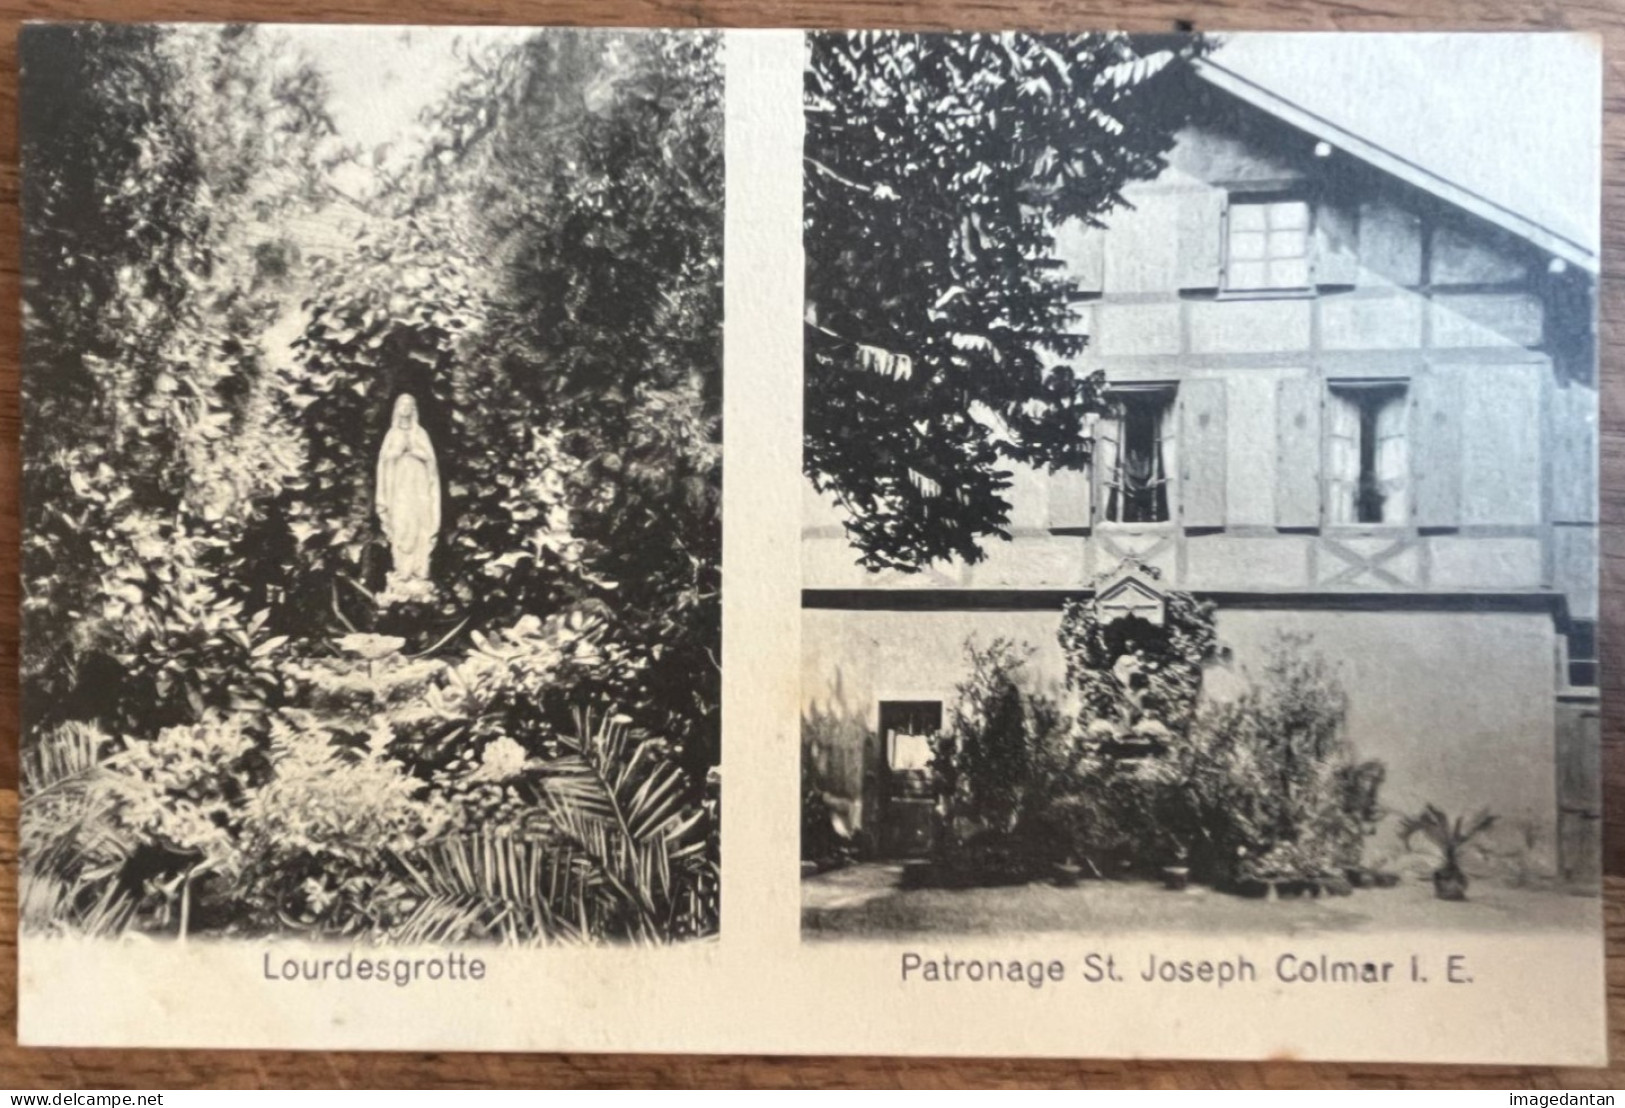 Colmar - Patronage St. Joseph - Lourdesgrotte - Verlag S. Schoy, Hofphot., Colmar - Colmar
---
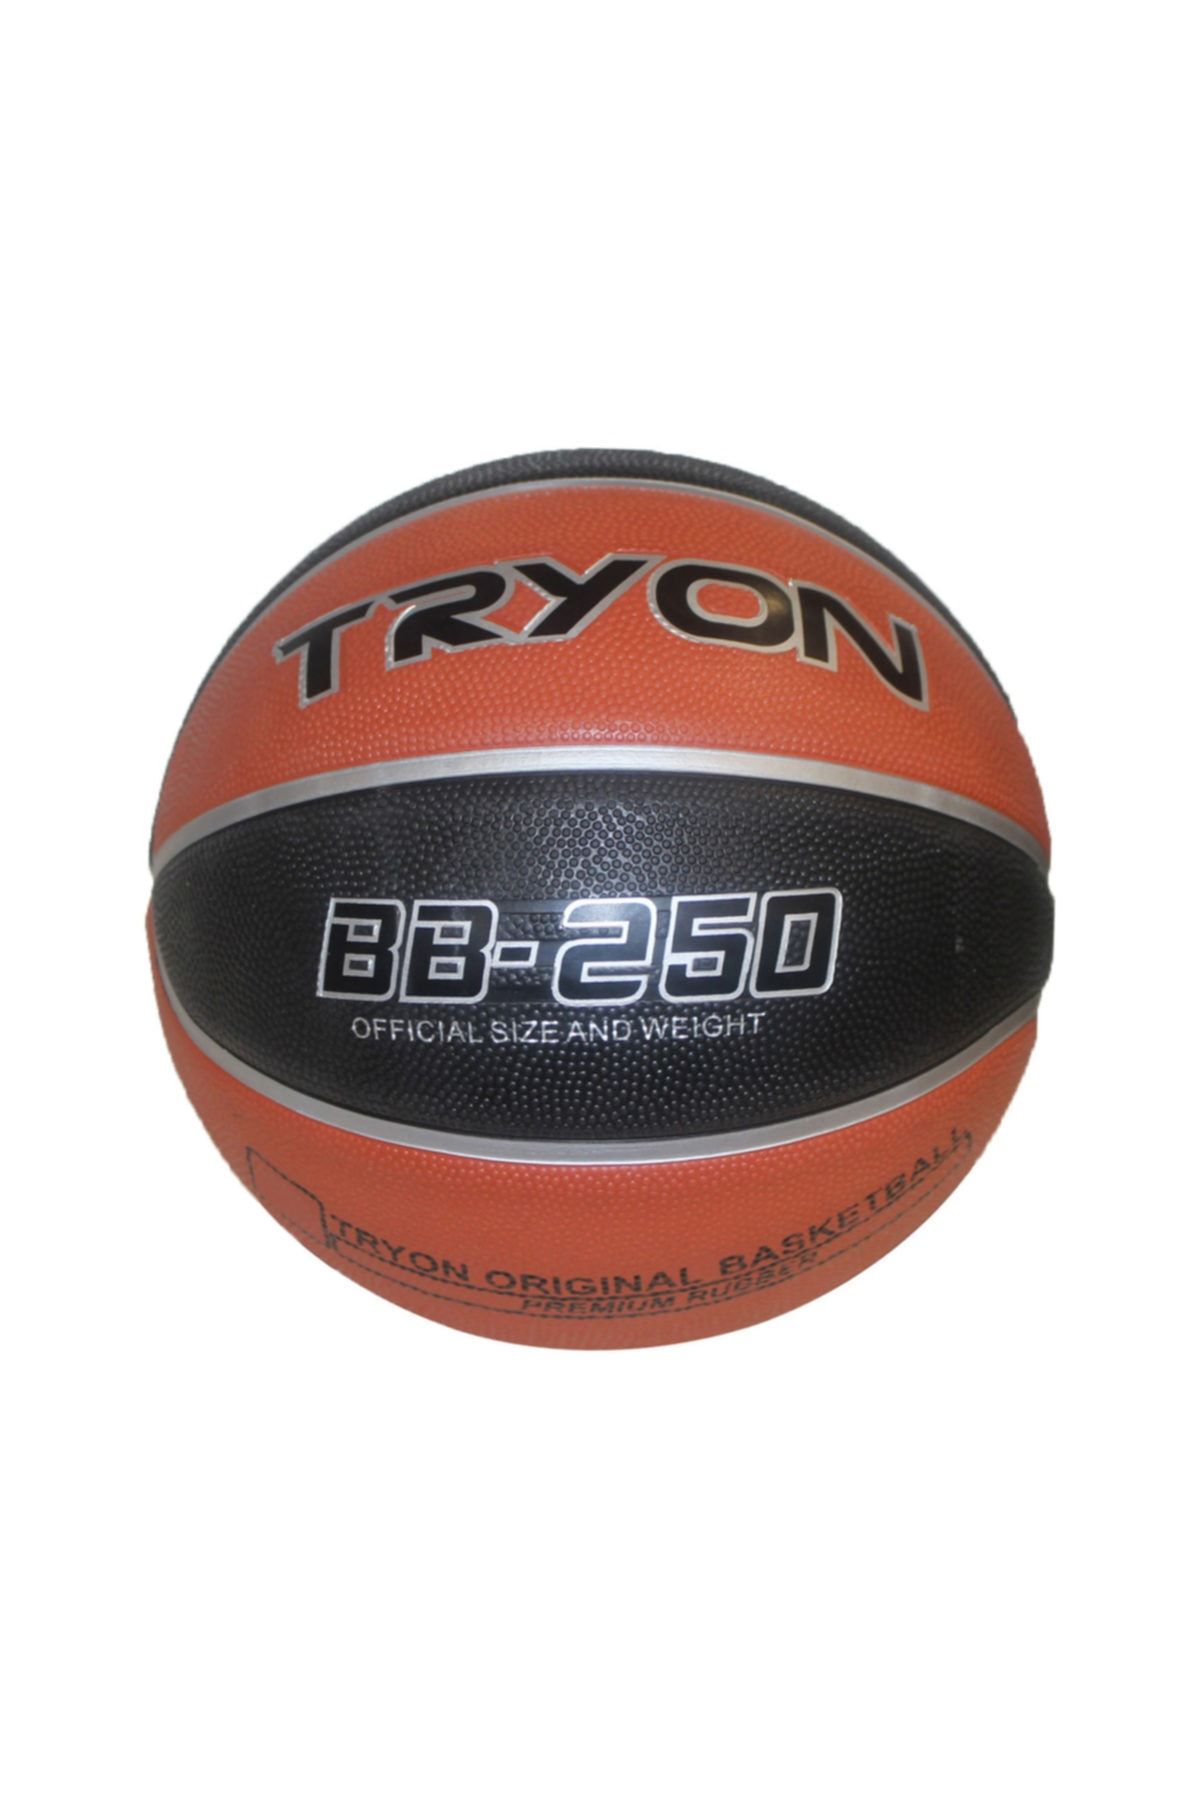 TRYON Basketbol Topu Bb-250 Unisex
...
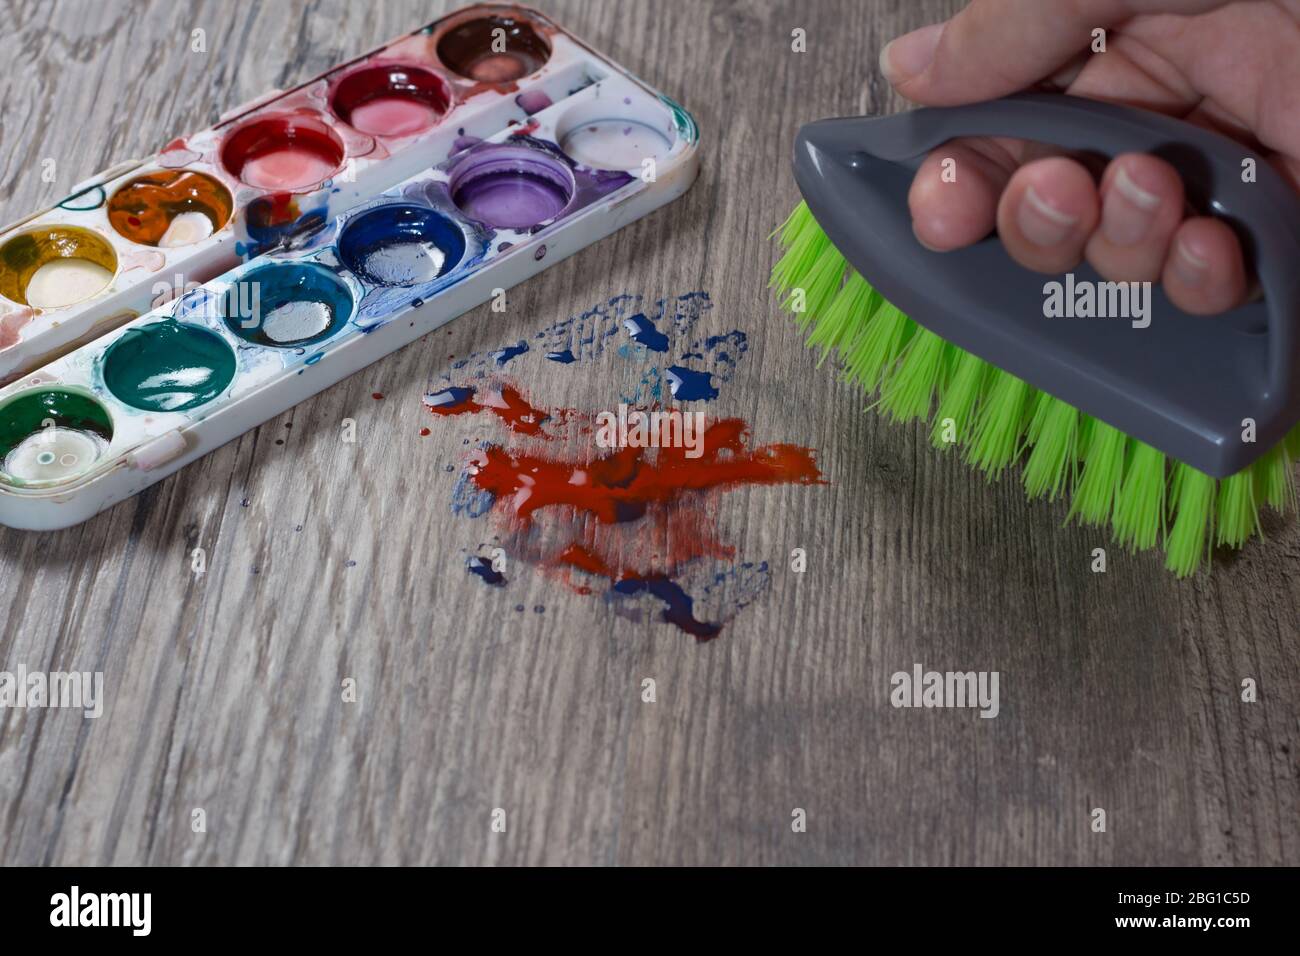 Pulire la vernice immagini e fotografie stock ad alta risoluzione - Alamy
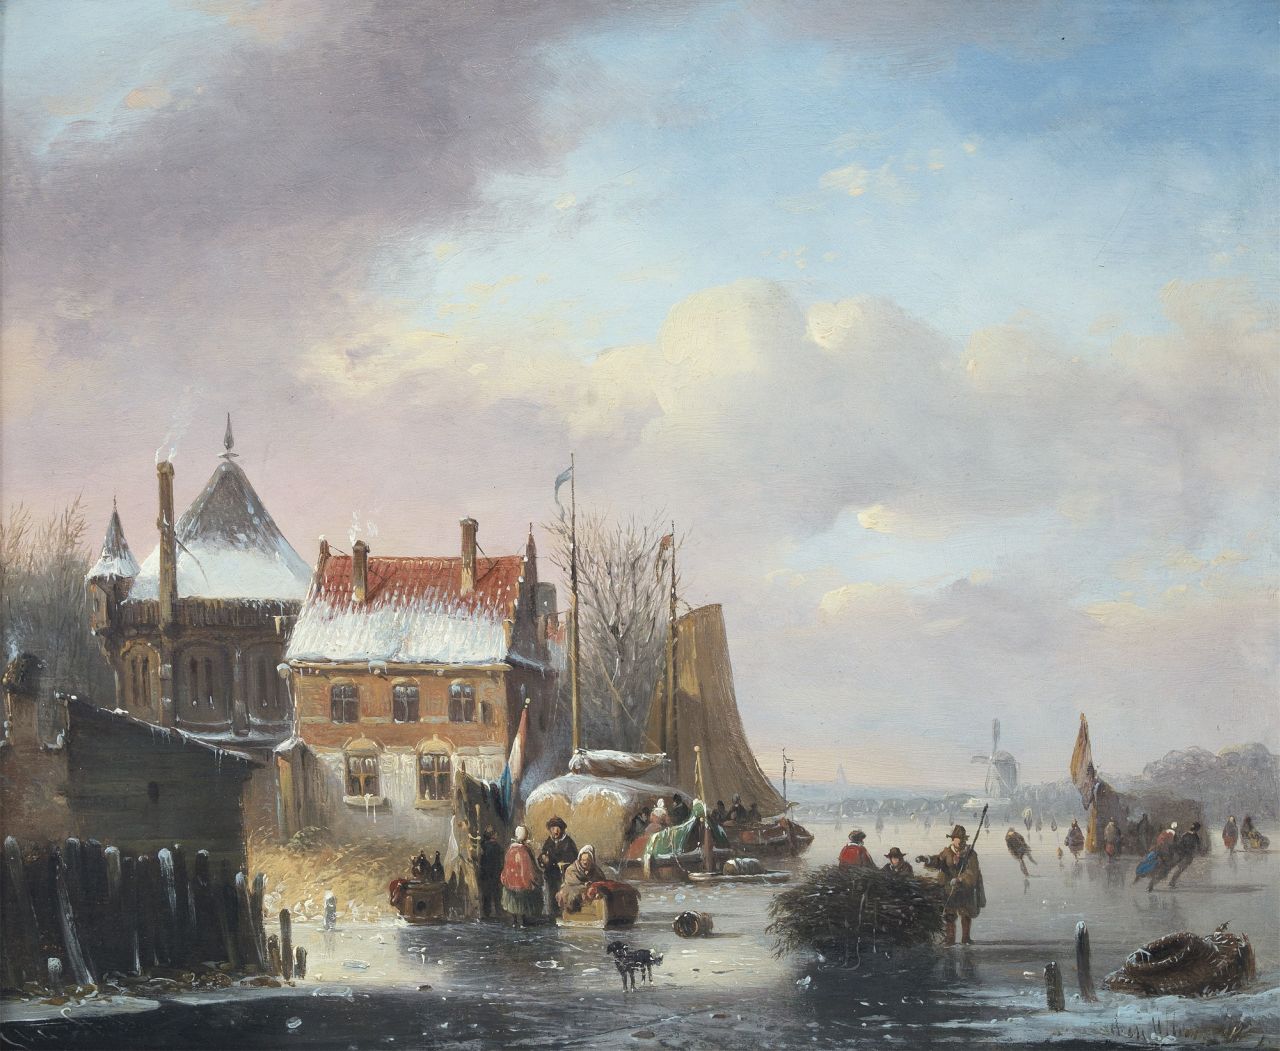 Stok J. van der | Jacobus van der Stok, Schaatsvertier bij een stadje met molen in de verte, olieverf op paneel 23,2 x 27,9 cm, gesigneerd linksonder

● EXERCISE BRIEF:
Pictures aside, print exactly the lines above starting with the one containing "Pulire la vernice" and going on through the one containing "Stok J. van".

● EXERCISE RESPONSE:
 Pulire la vernice immagini e fotografie stock ad alta risoluzione - Alamy
 Stok J. van der | Jacobus van der Stok, Schaatsvertier bij een stadje met molen in de verte, olieverf op paneel 23,2 x 27,9 cm, gesigneerd linksonder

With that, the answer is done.